# Work instruction:
What lines in the data below mention the string "Stone"? Copy them out.

# Material to process:
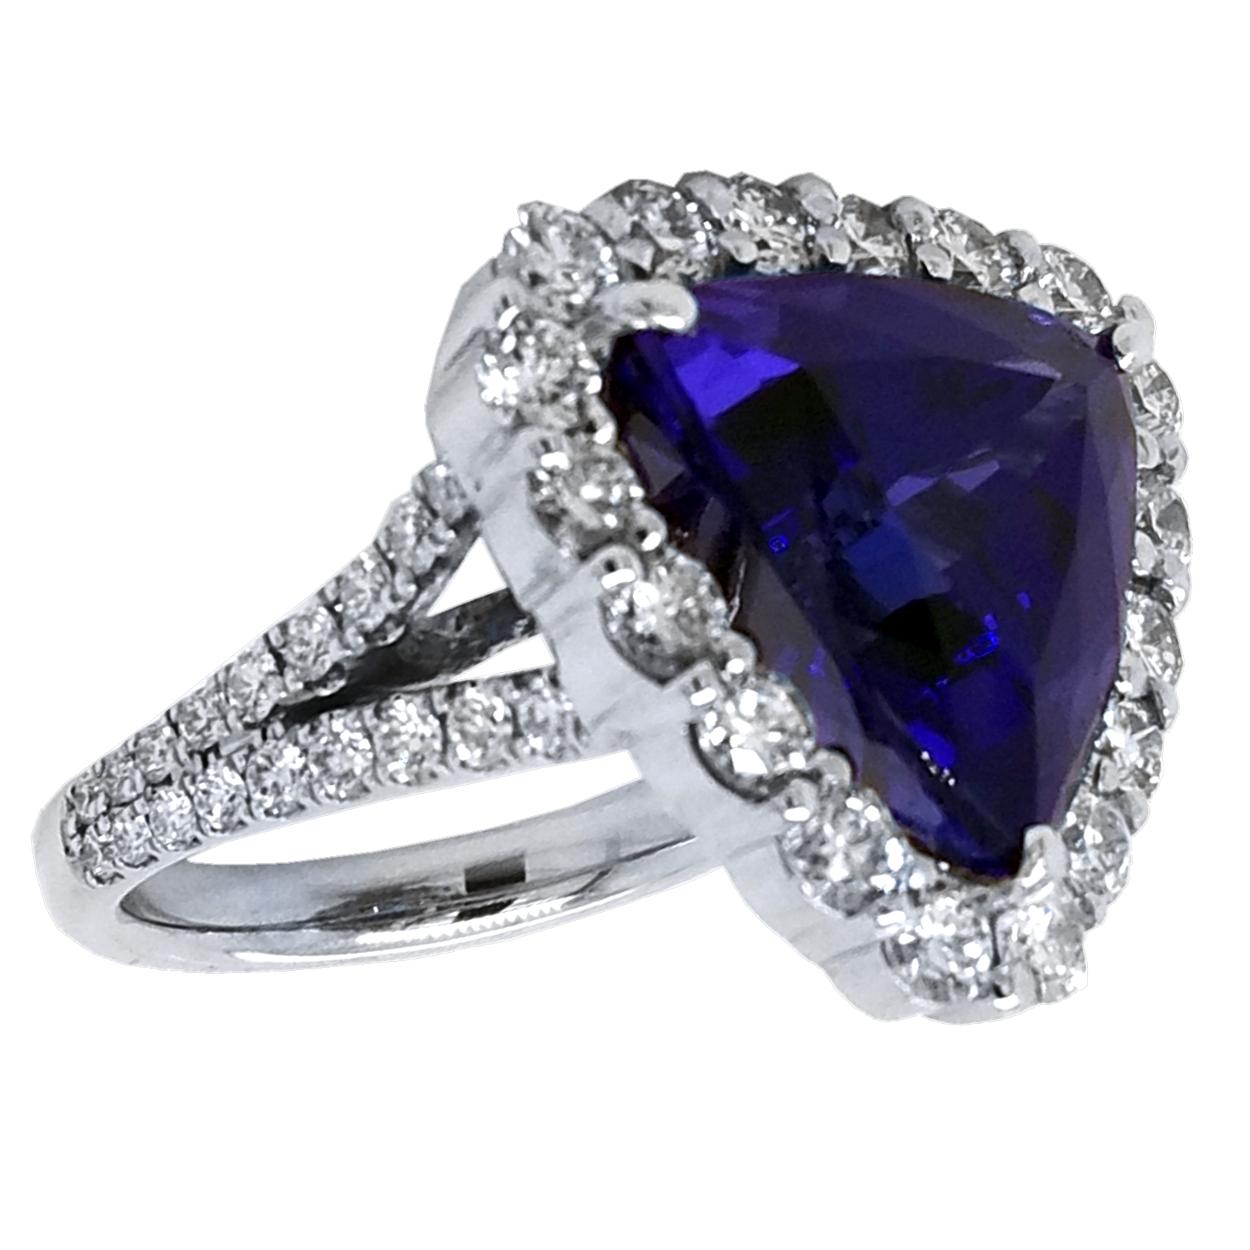 A beautiful color GIA Certified 12.40 Ct Trillion shaped tanzanite set in the center of an 18K split shank pave set diamond engagement ring with a halo to create great contrast. 

Details:
Center Stone: 12.40 carat Trillion tanzanite
Side Stone
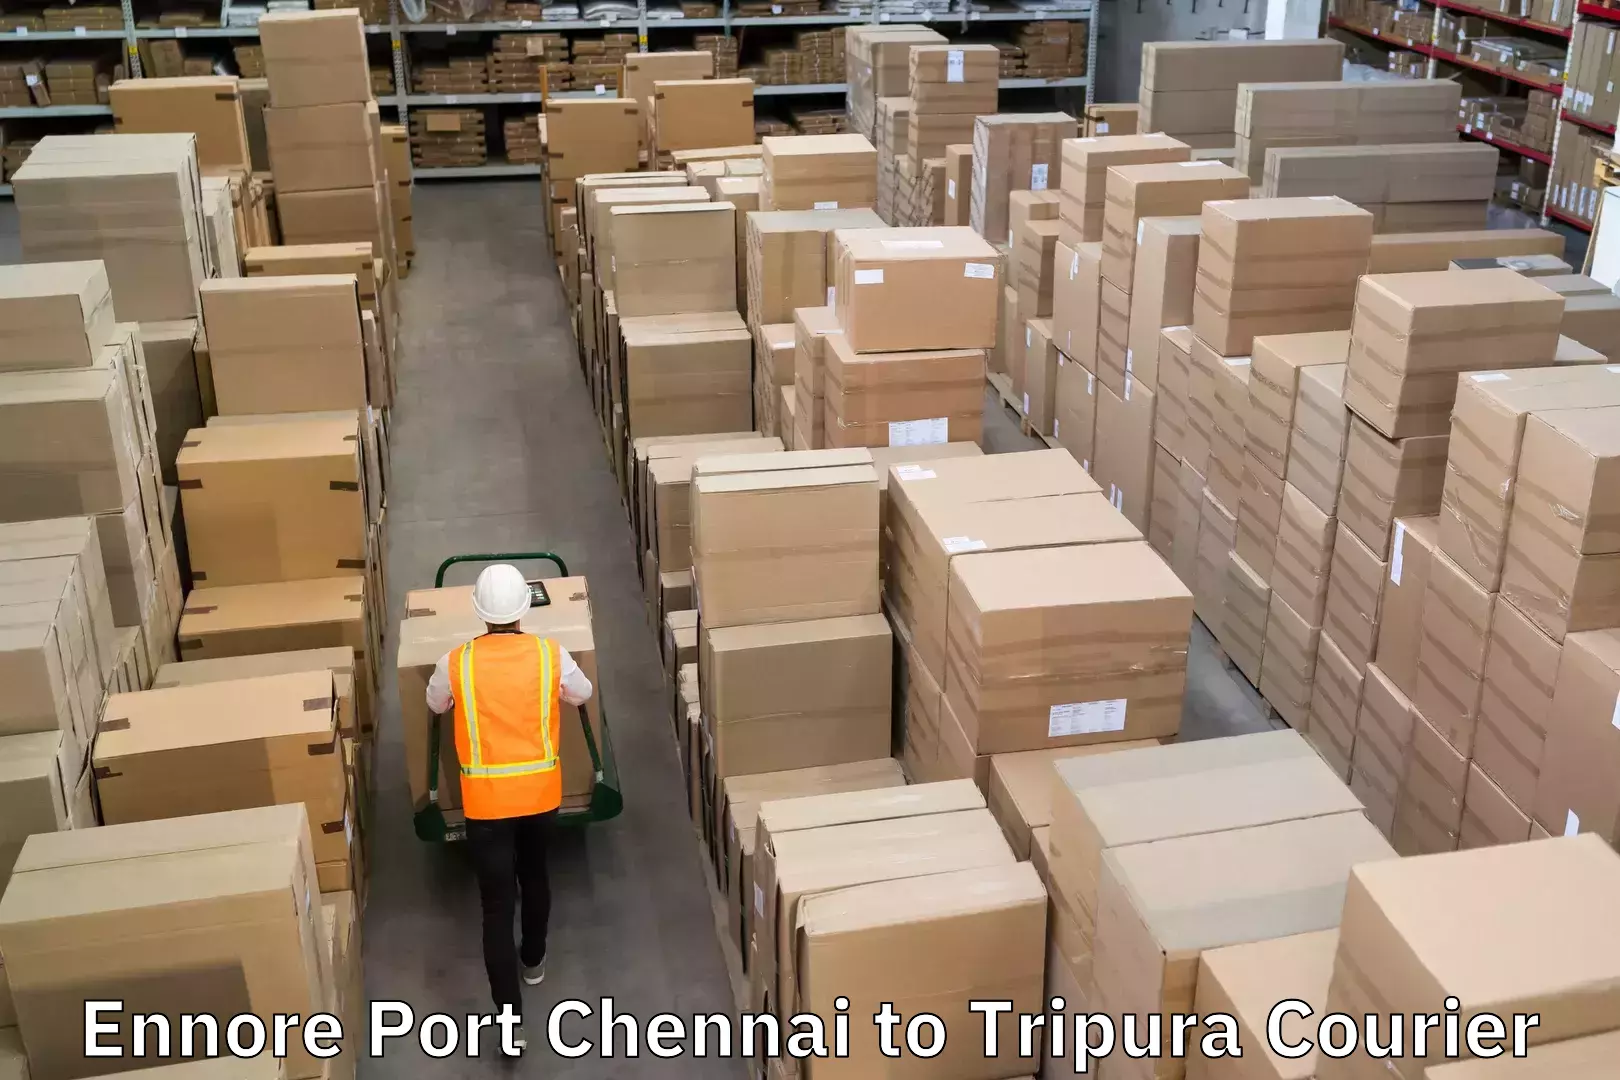 Doorstep delivery service Ennore Port Chennai to Tripura

# Written solution:
Center Stone: 12.40 carat Trillion tanzanite
Side Stone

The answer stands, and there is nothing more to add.